Out there today Daley still with him. No apparent ghosts out here on the bright river, but Daley had the lines for the season of Albert’s tragedy:
O dead men, long-outthrust
From light and life and song—
O kinsmen in the dust …
The sunk pylons for the new Macleay bridge, which would make the punt unnecessary by the start of winter, rose from the green river like columns from a sunk civilisation.
Some time lat
er that day, he was delivering in Rudder Street, East Kempsey, when he saw a covered hawker’s wagon swaying up the road out of the Dock Flat swamp. One of the Habashes. He reined Pee Dee in to the side and got down from the dray. He could see bloody Bandy at the reins of his green wagon all right. Coming back to town after palavering the poor women of Pola Creek.
A bracing anger rose in Tim at the sight of that failed Punjabi jockey. He walked out and waited in the middle of the road. He raised his arms and couldn’t help calling out, “Get round me if you can, you little ruffian!”
Bandy Habash waved joyously at this prospect of reunion. He drew up, and Tim walked to the side of the green wagon with its tin canopy and stared up at him.
“I wanted to know … What in the bloody hell are you doing telling these lies about me?”
Bandy put on a wonderful, melodramatic frown.
“This stuff about Albert is all rubbish and flummery, and it makes me ashamed. What in God’s name were you doing going to Ernie bloody Malcolm?”
“Mr. Shea, after our adventure I was simply full of admiration …”

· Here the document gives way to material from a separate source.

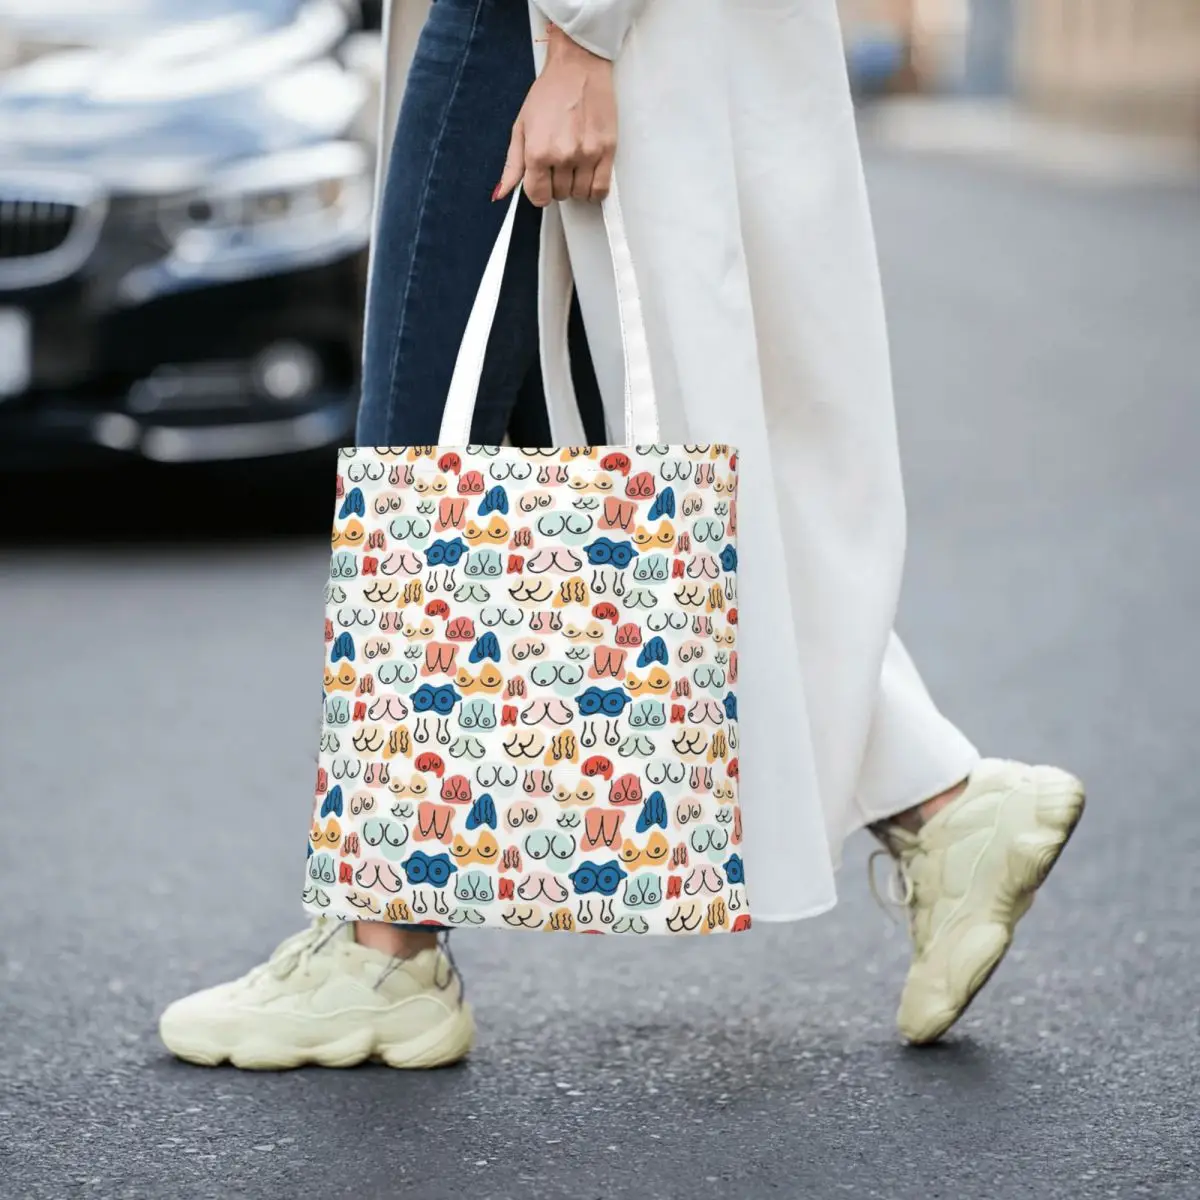 Boobs Totes Canvas Handbag Women Canvas Shopping Bag

“What bloody for? Might as well admire a man for making the tea or emptying a jerry. You’ve made a bloody fool of me!”
Tim kicked one of the wheels of the hawker’s wagon.
“My dear old chap, may I get down and talk to you?”
“What do you bloody well think? I’m looking for an explanation.”
Bandy worked himself trimly out of his seat and fell gracefully to the road. Wholly and neatly in front of Tim.
“I watched you in your movements, Mr. Shea. In all respects I thought they were the movements of a hero.”
“I was not anything in my movements. I hung back. You were the person who fixed his horse!”
“I was well-educated in the English language, Mr. Shea. I have read Scott, Dickens and Thackeray, in all of whom such sentiments as I expressed to Mr. Malcolm are common.”